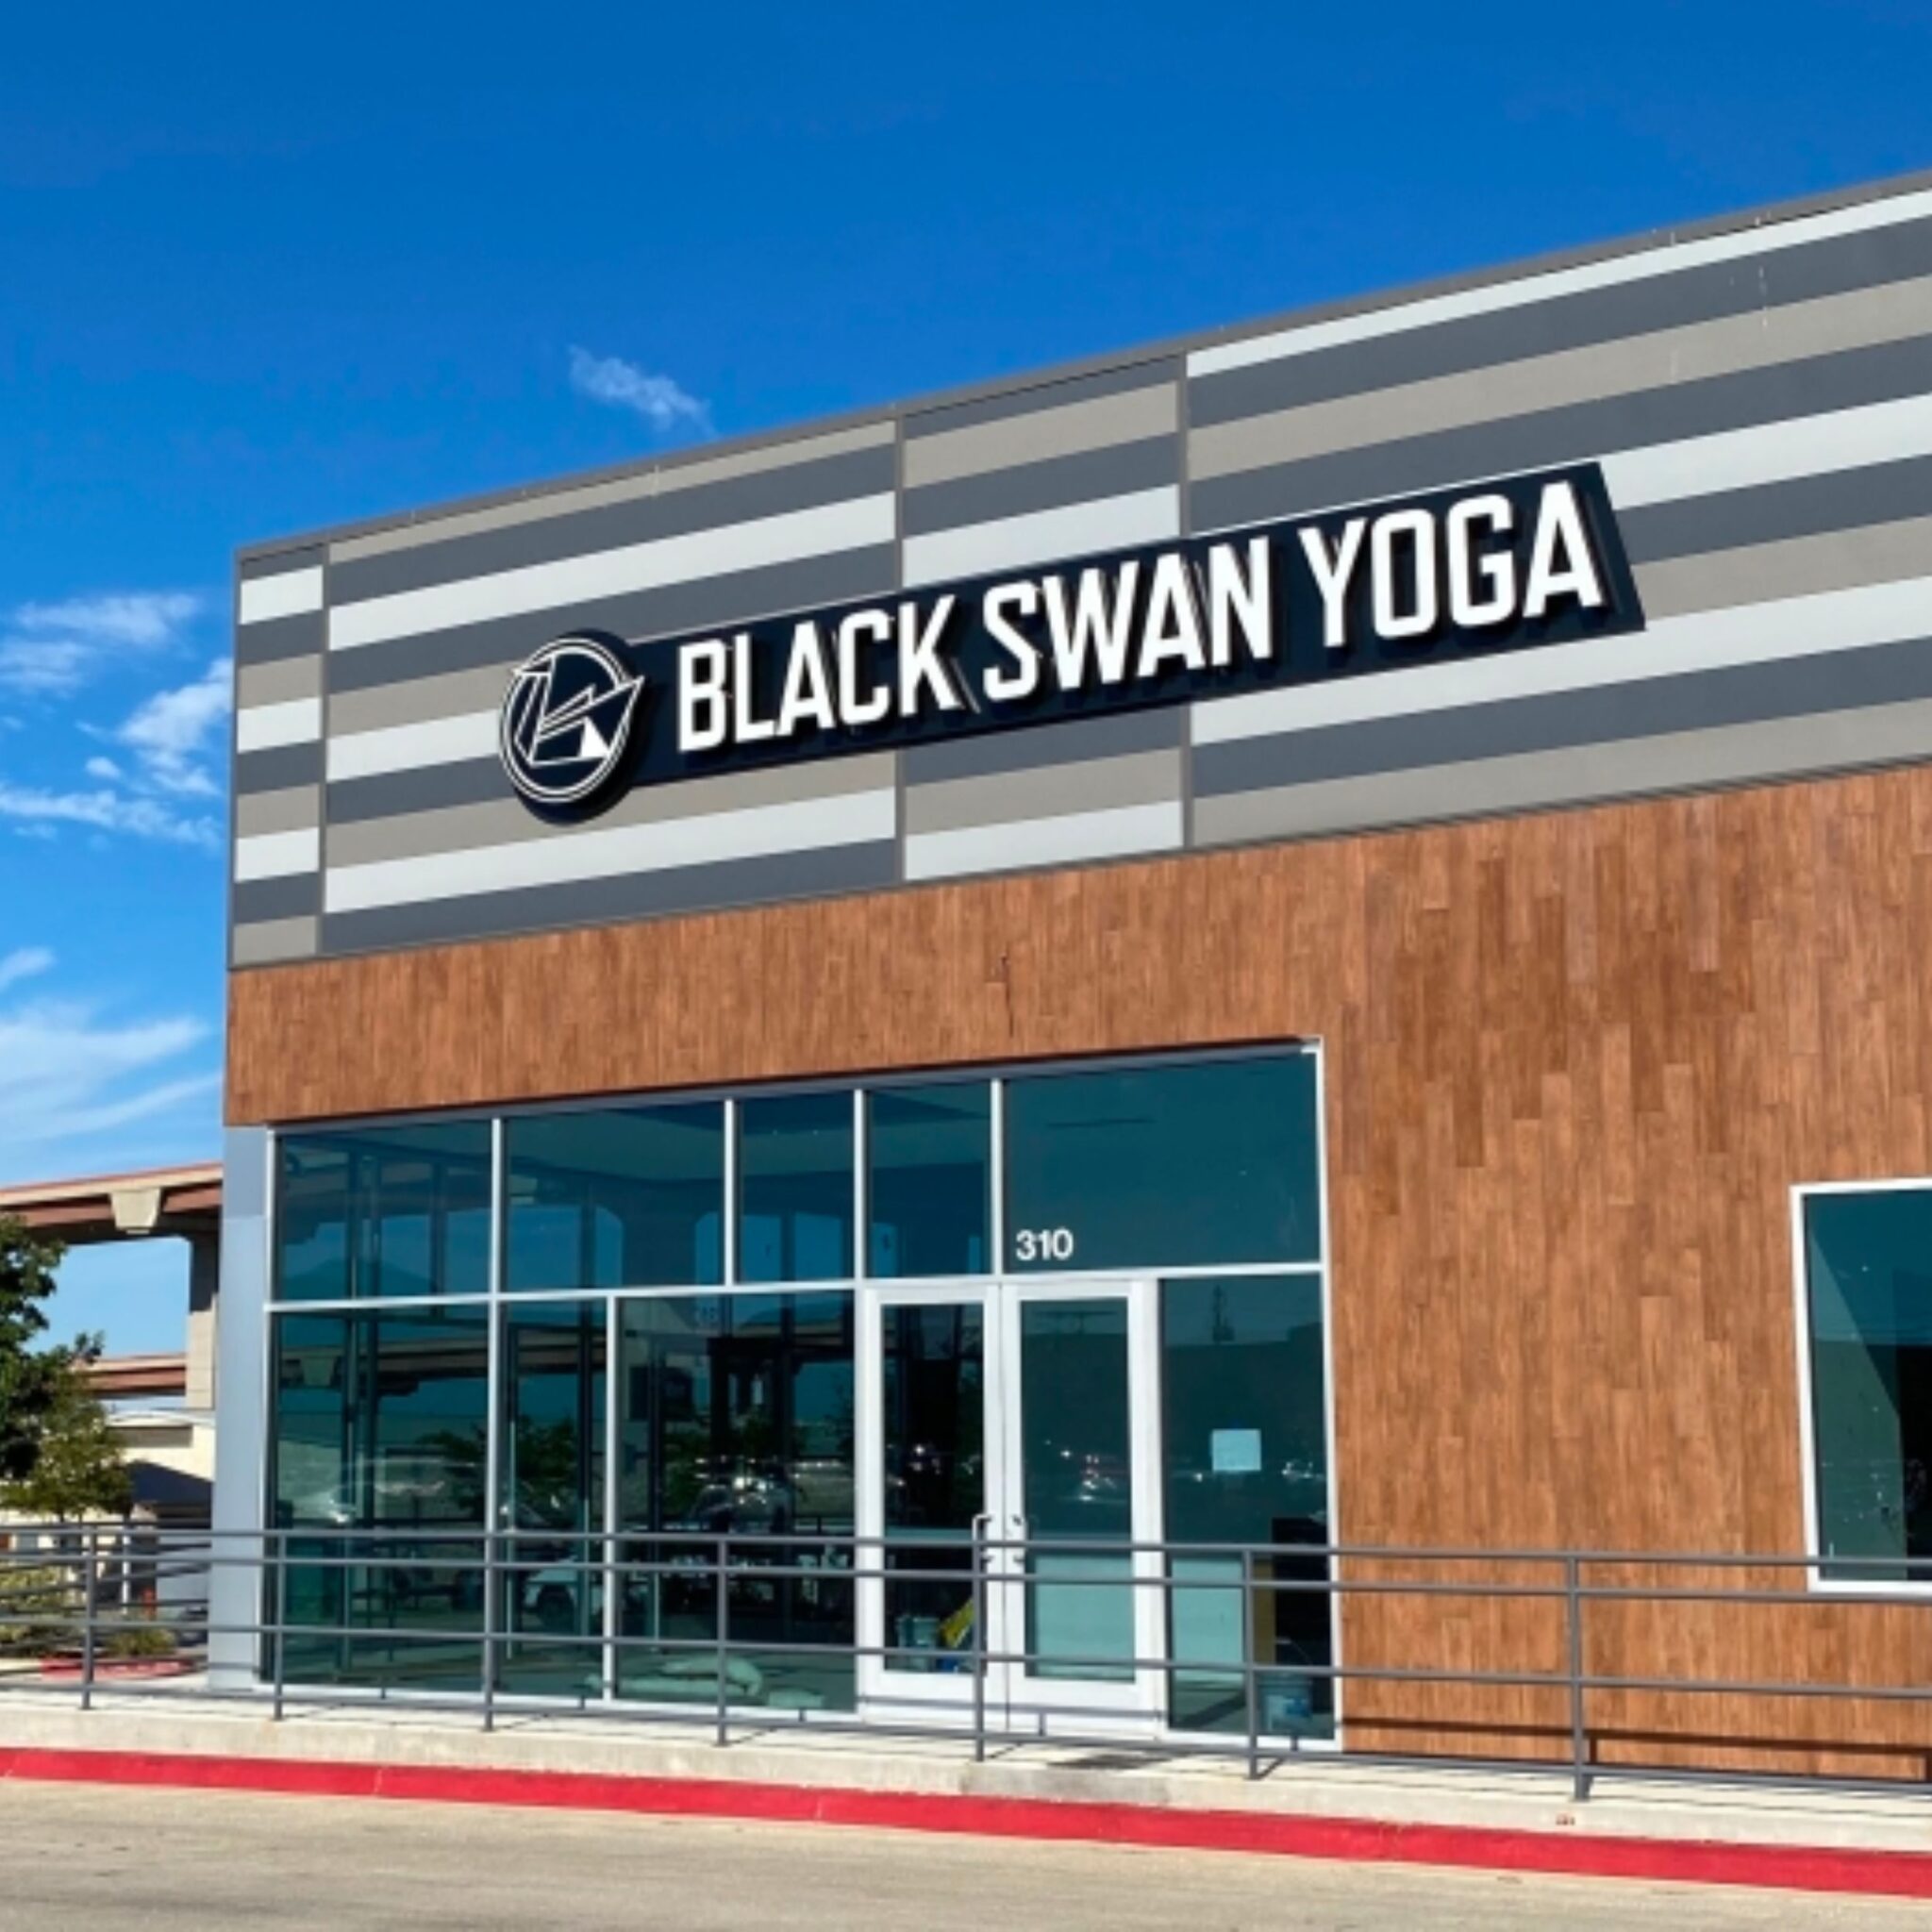 Black Swan Yoga in Round Rock, Texas
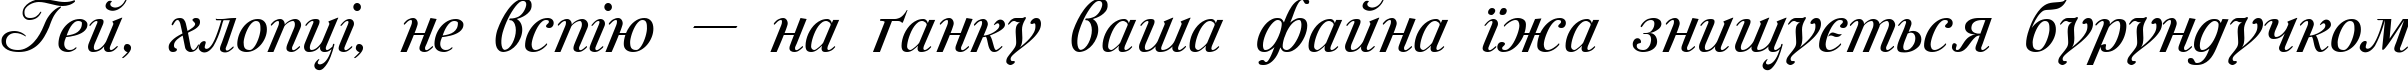 Пример написания шрифтом Mon Amour One Medium текста на украинском
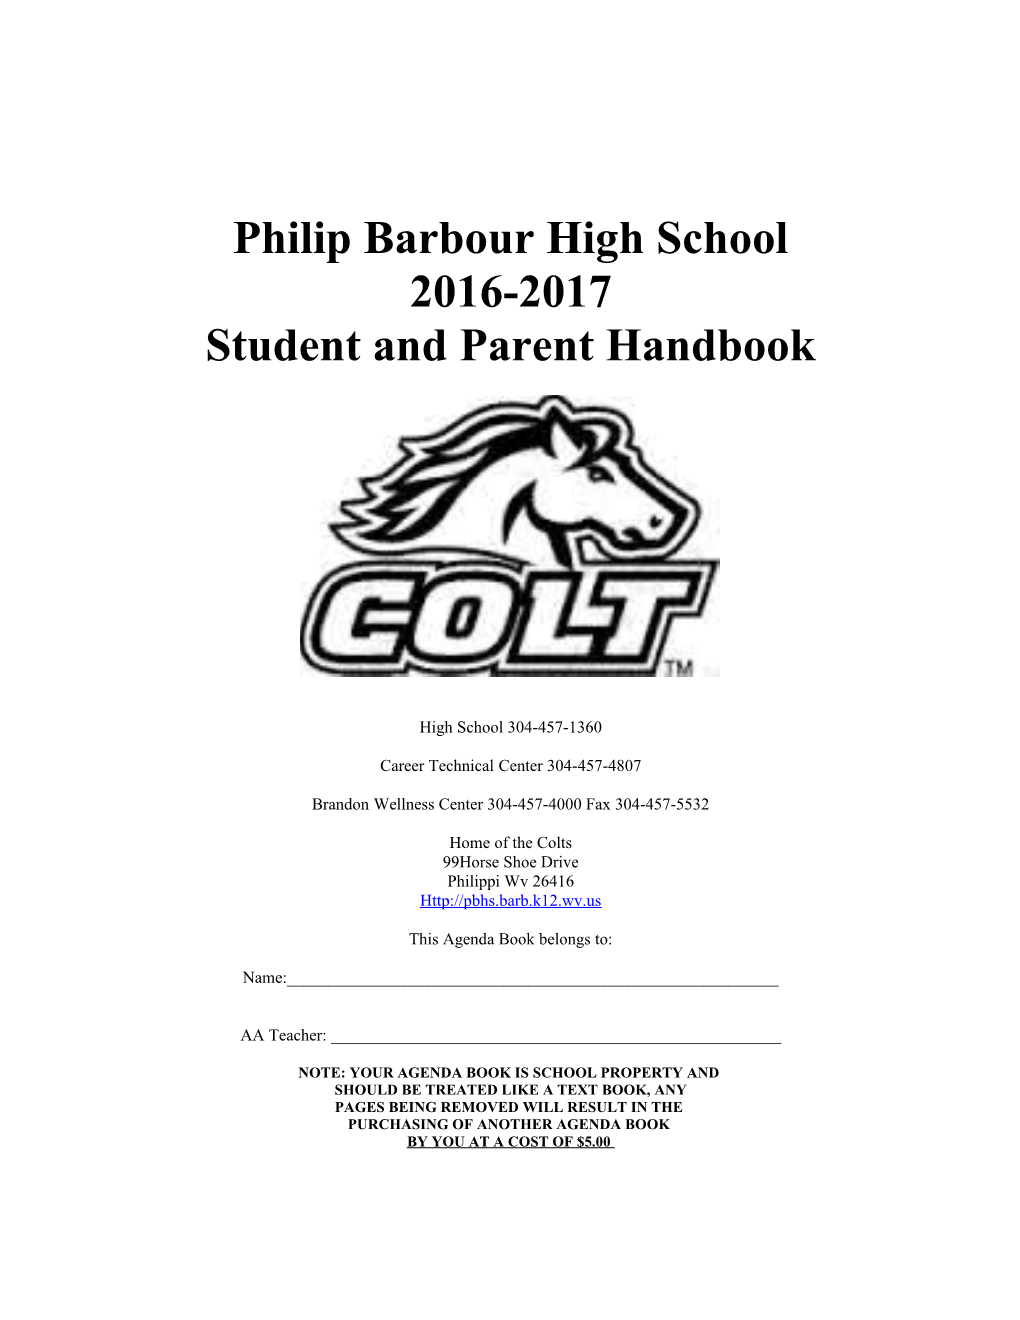 Philip Barbour High School Boys= Soccer 2000-01

==========

■ WORK INSTRUCTIONS: Every line above should be copied exactly, apart from any pictures.

■ SOLVED PROBLEM:
 Black Swan Yoga in Round Rock, Texas
 Пример написания шрифтом Mon Amour One Medium текста на украинском
 Philip Barbour High School Boys= Soccer 2000-01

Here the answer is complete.